## [About this exercise]
Without the pictures, write out all the lines below exactly as they appear.

Collected data START

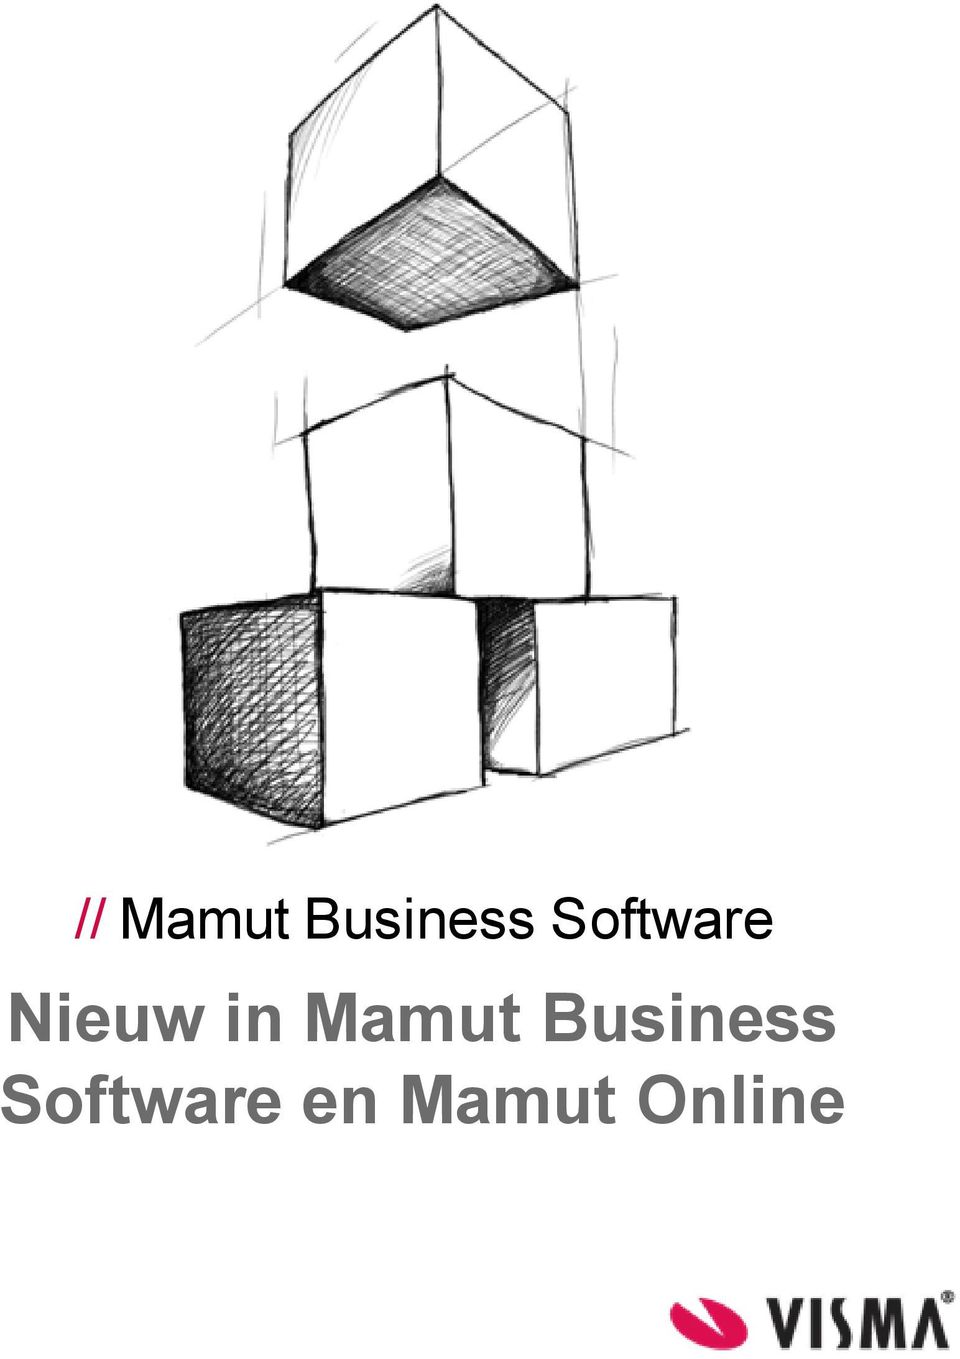 Mamut Business
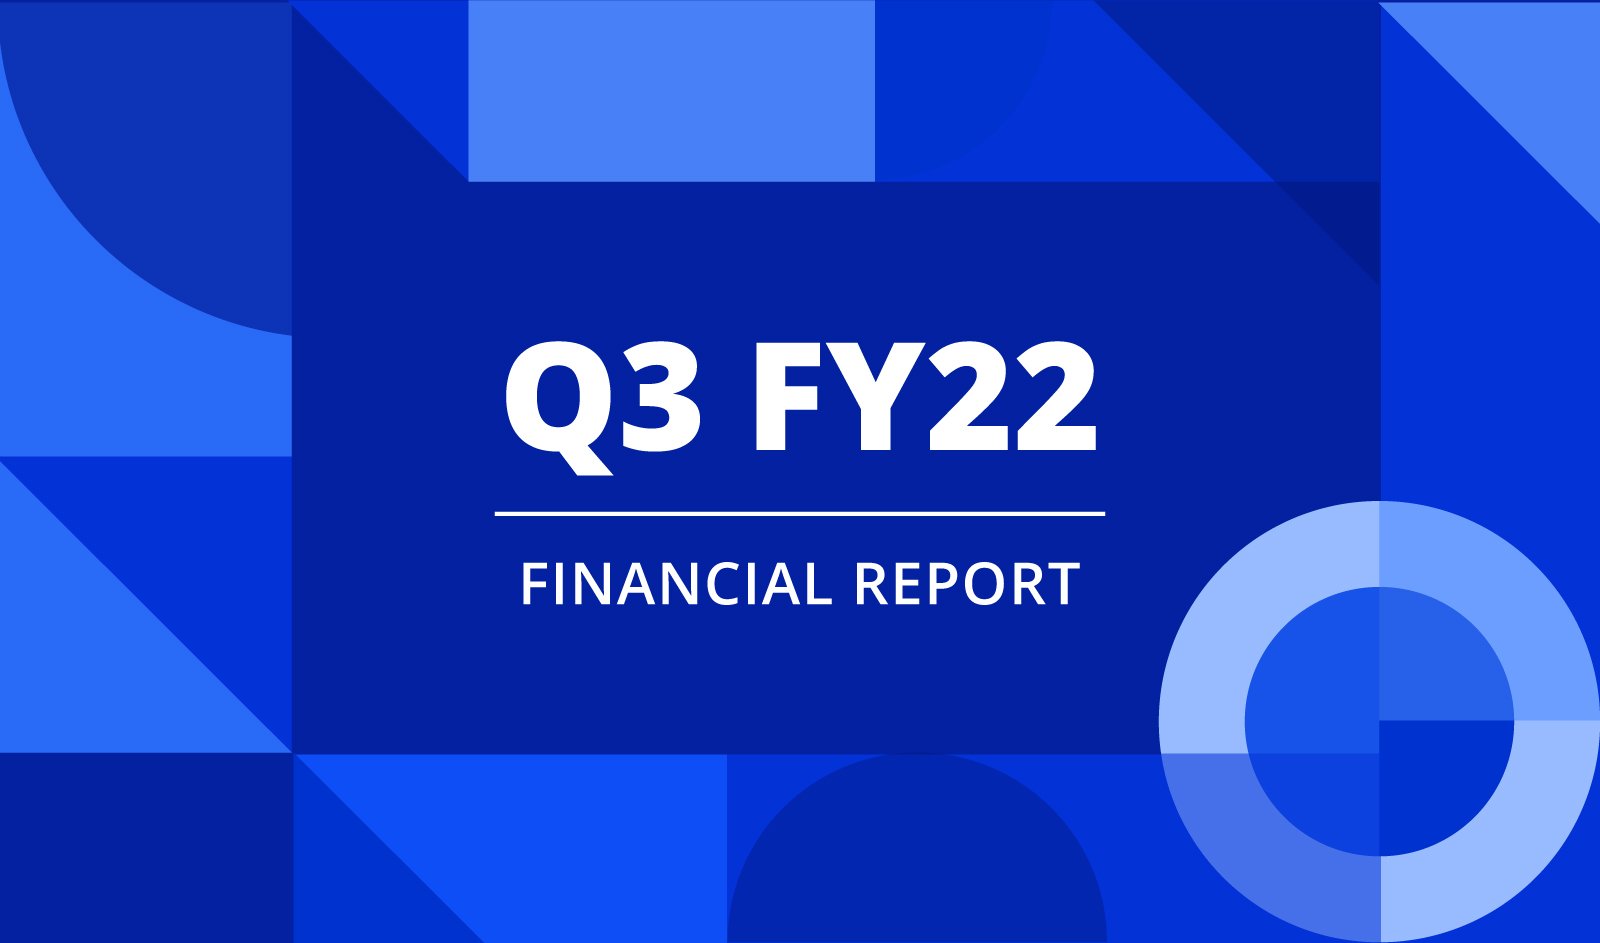 PR_Q3FY22 Financial report_Banner_v02
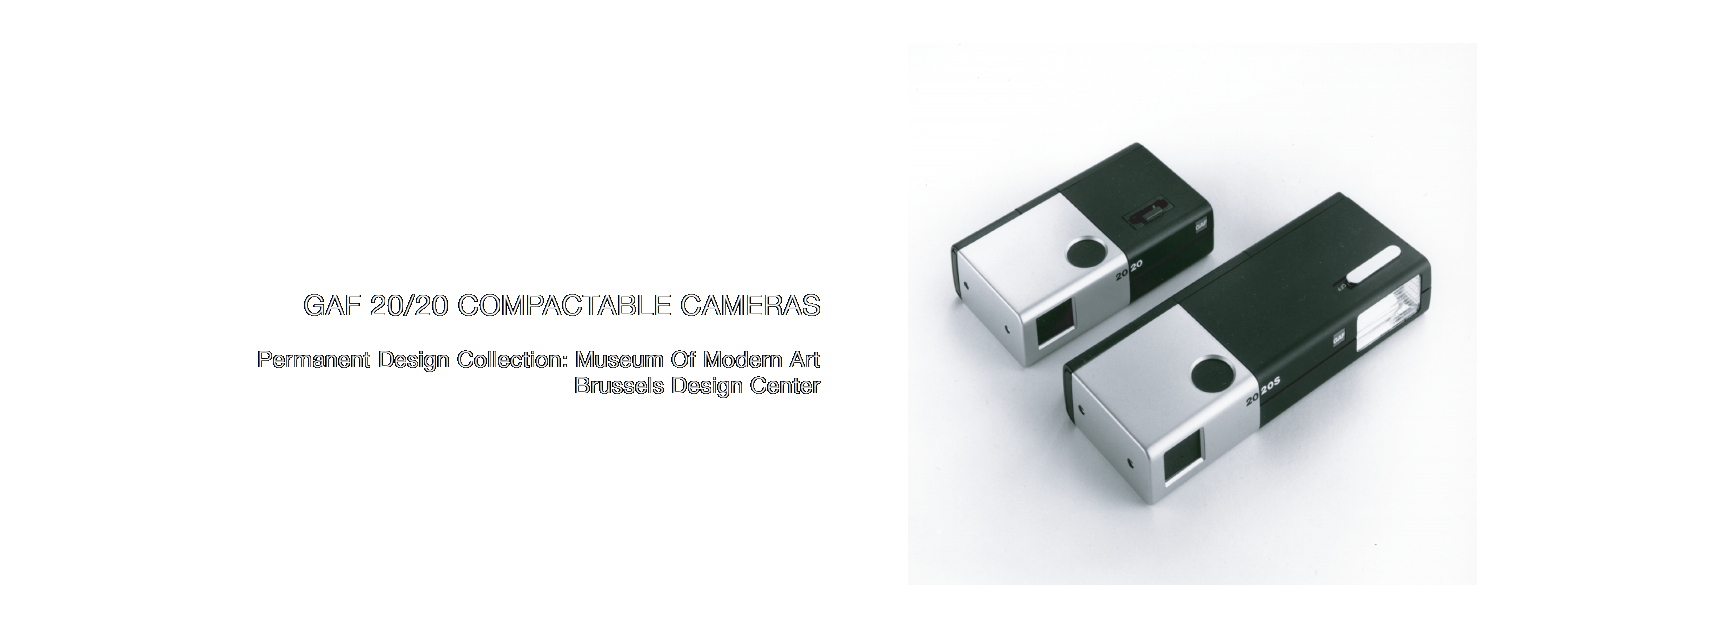 GAF 20/20 Compactible Cameras

Collected data END

## [Response area]
 Mamut Business
 PR_Q3FY22 Financial report_Banner_v02
 GAF 20/20 Compactible Cameras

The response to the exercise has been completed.